If you want to play with the algorithm, then you can find it on github: https://github.com/JuDFTteam/unique_eigenvectors
An explanation for this example:
For convenience, I replace $v1, v2, A1, A2$ with $V_1, V_2, A_1, A_2$, respectively.
You perform QR to get $A_1^\mathsf{T} = Q_1R_1$ and $A_2^\mathsf{T} = Q_2 R_2$ with some restriction (positive diagonal entries). You want to prove that $R_1 = R_2$.
Note that $V_1$ and $V_2$ have the same 3rd column (the eigenvector associated with eigenvalue $2$). Denote the first two elements of the 3rd column of $V_1$ by $u$, i.e. $$u = \begin{pmatrix} &-0.7984871126235 \\ &0.5956054404867 \end{pmatrix}.$$ Using $V_1 V_1^\mathsf{T} = I_3$, we have $A_1A_1^\mathsf{T} + uu^\mathsf{T} = I_2$. Using $V_2 V_2^\mathsf{T} = I_3$, we have $A_2 A_2^\mathsf{T} + uu^\mathsf{T} = I_2$. Thus, we have $A_1 A_1^\mathsf{T} = A_2 A_2^\mathsf{T}$.
Since $A_1^\mathsf{T} = Q_1R_1$ and $A_2^\mathsf{T} = Q_2 R_2$, we have $R_1^\mathsf{T}R_1 = R_2^\mathsf{T}R_2$.

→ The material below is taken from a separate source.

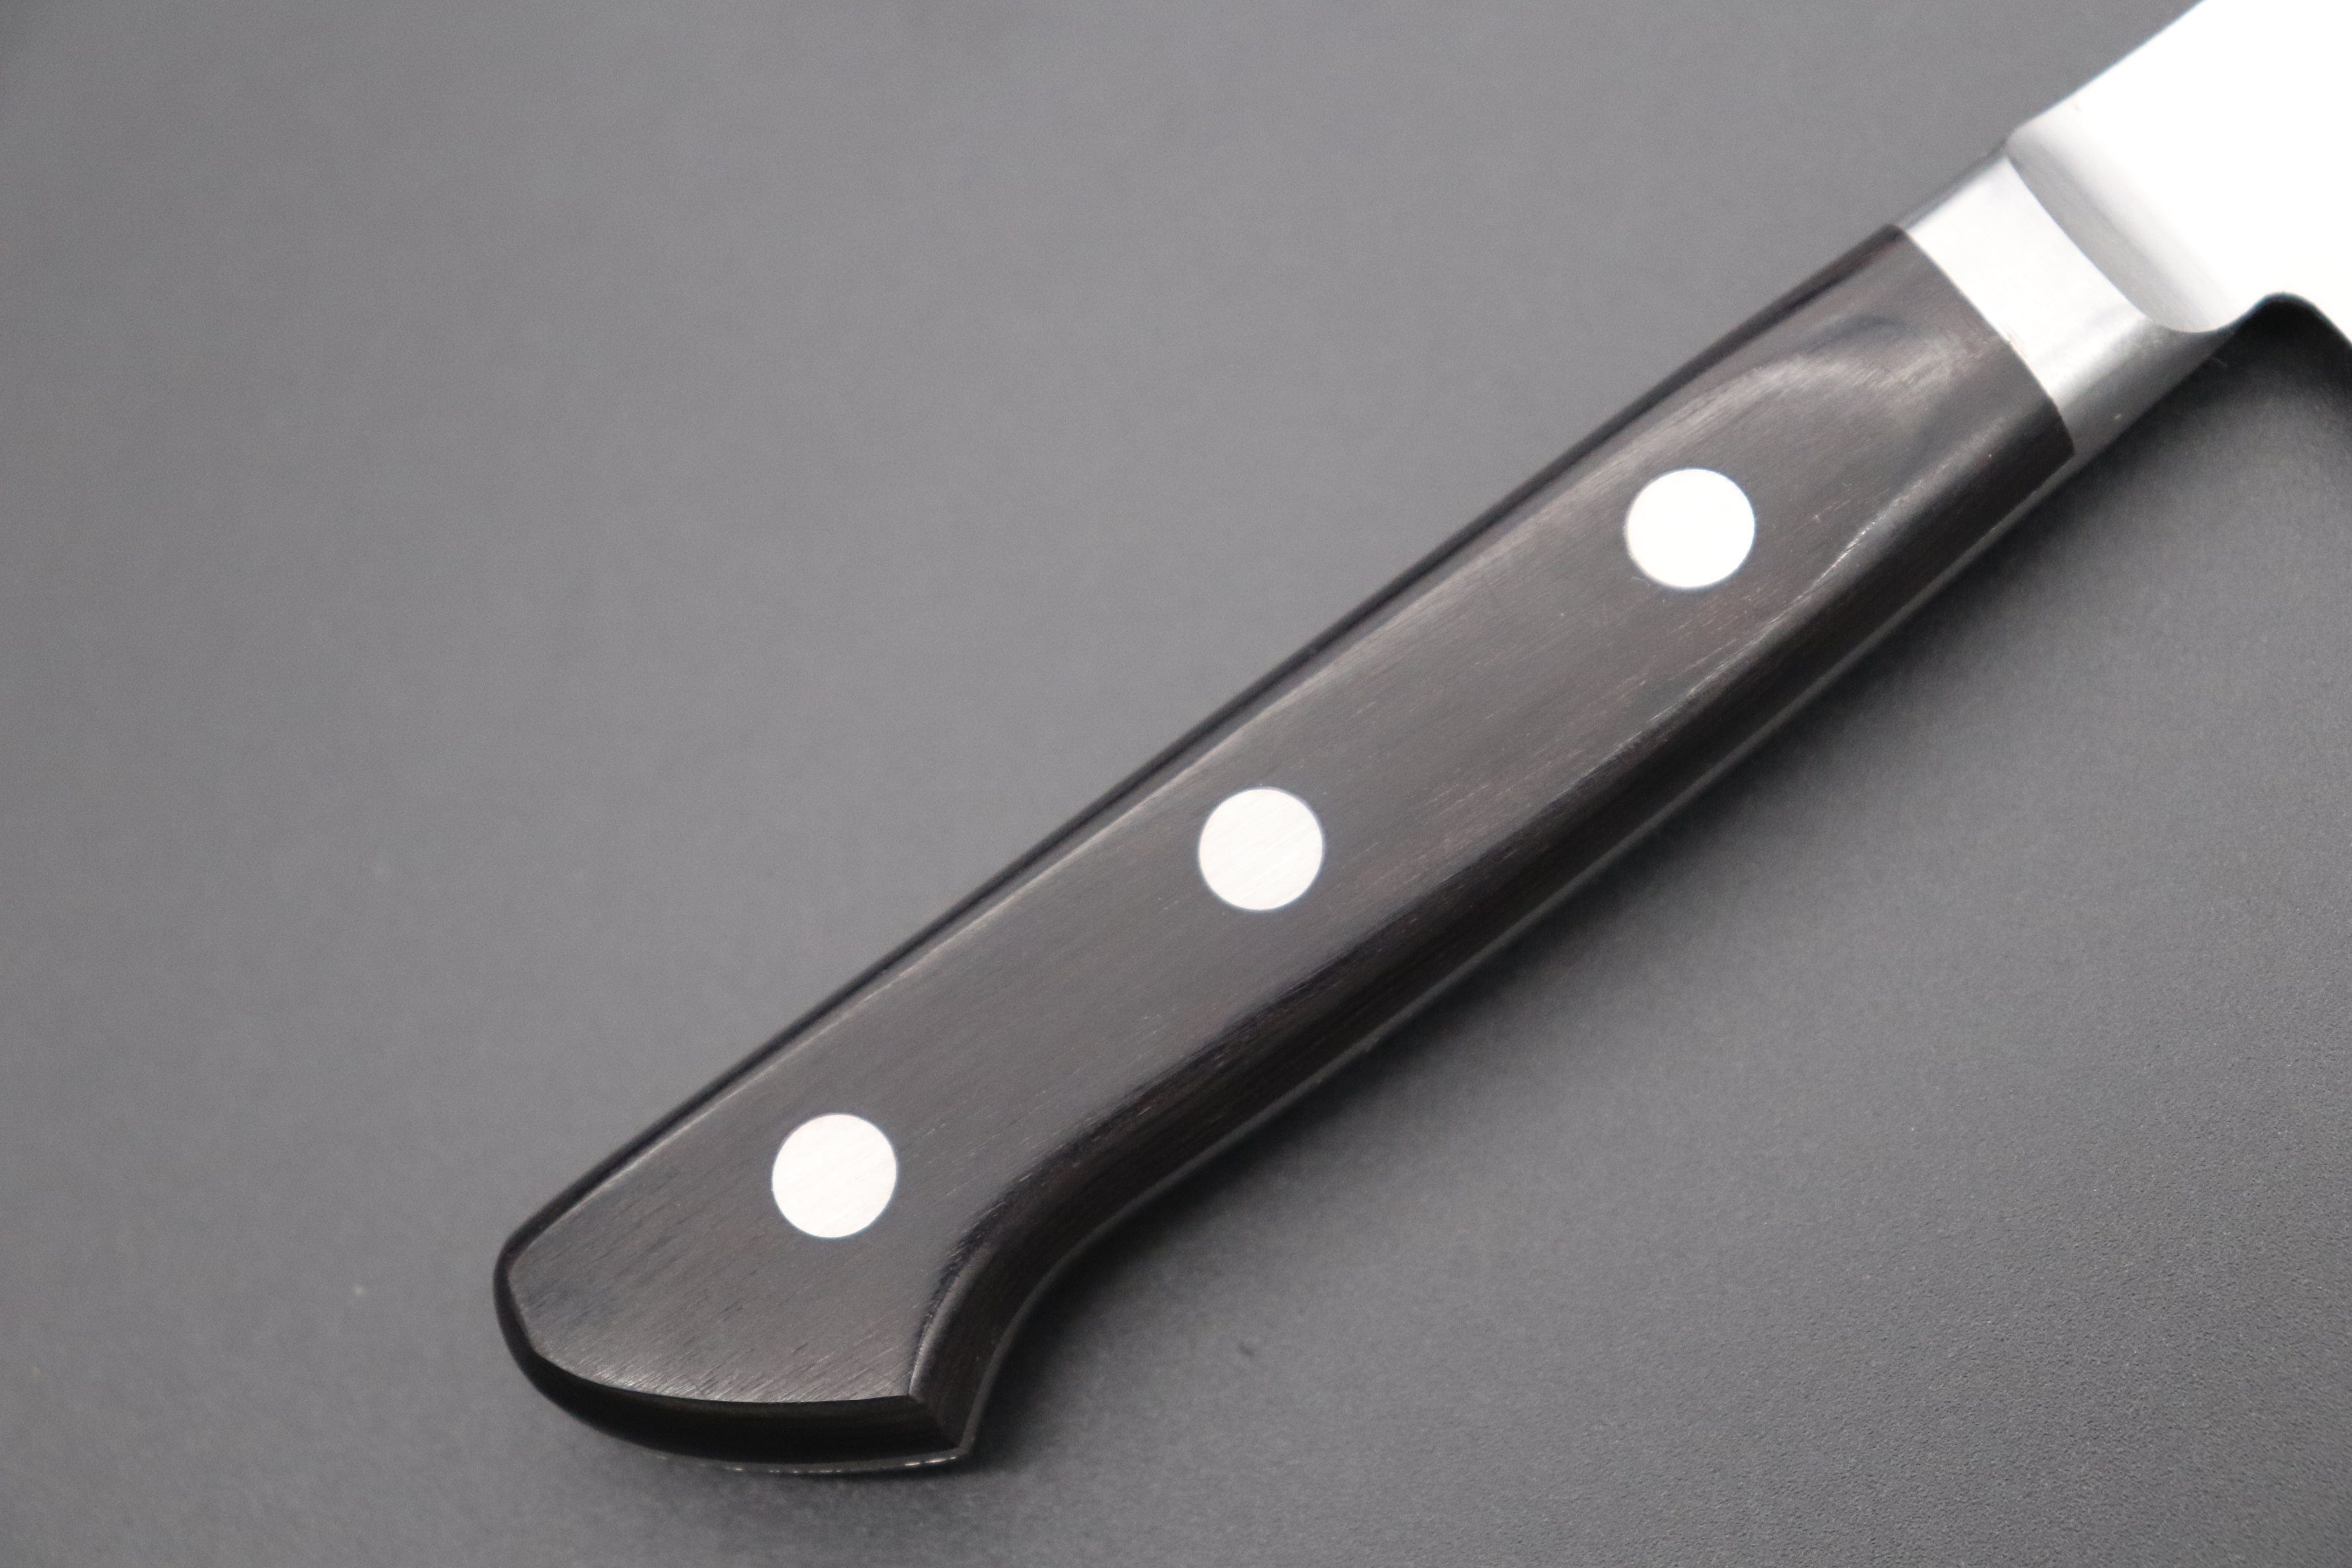 The 9 Best Petty and Kitchen Utility Knives Reviewed in 2020

Let $$R_1 = \begin{pmatrix} a_1 & b_1 \\ 0 & c_1 \end{pmatrix}, \quad R_2 = \begin{pmatrix} a_2 & b_2 \\ 0 & c_2 \end{pmatrix}.$$ From $R_1^\mathsf{T}R_1 = R_2^\mathsf{T}R_2$, we have $$a_1^2 = a_2^2, \quad a_1b_1 = a_2b_2, \quad b_1^2 + c_1^2 = b_2^2 + c_2^2$$ which results in $R_1 = R_2$ (using $a_1, a_2, c_1, c_2 > 0$).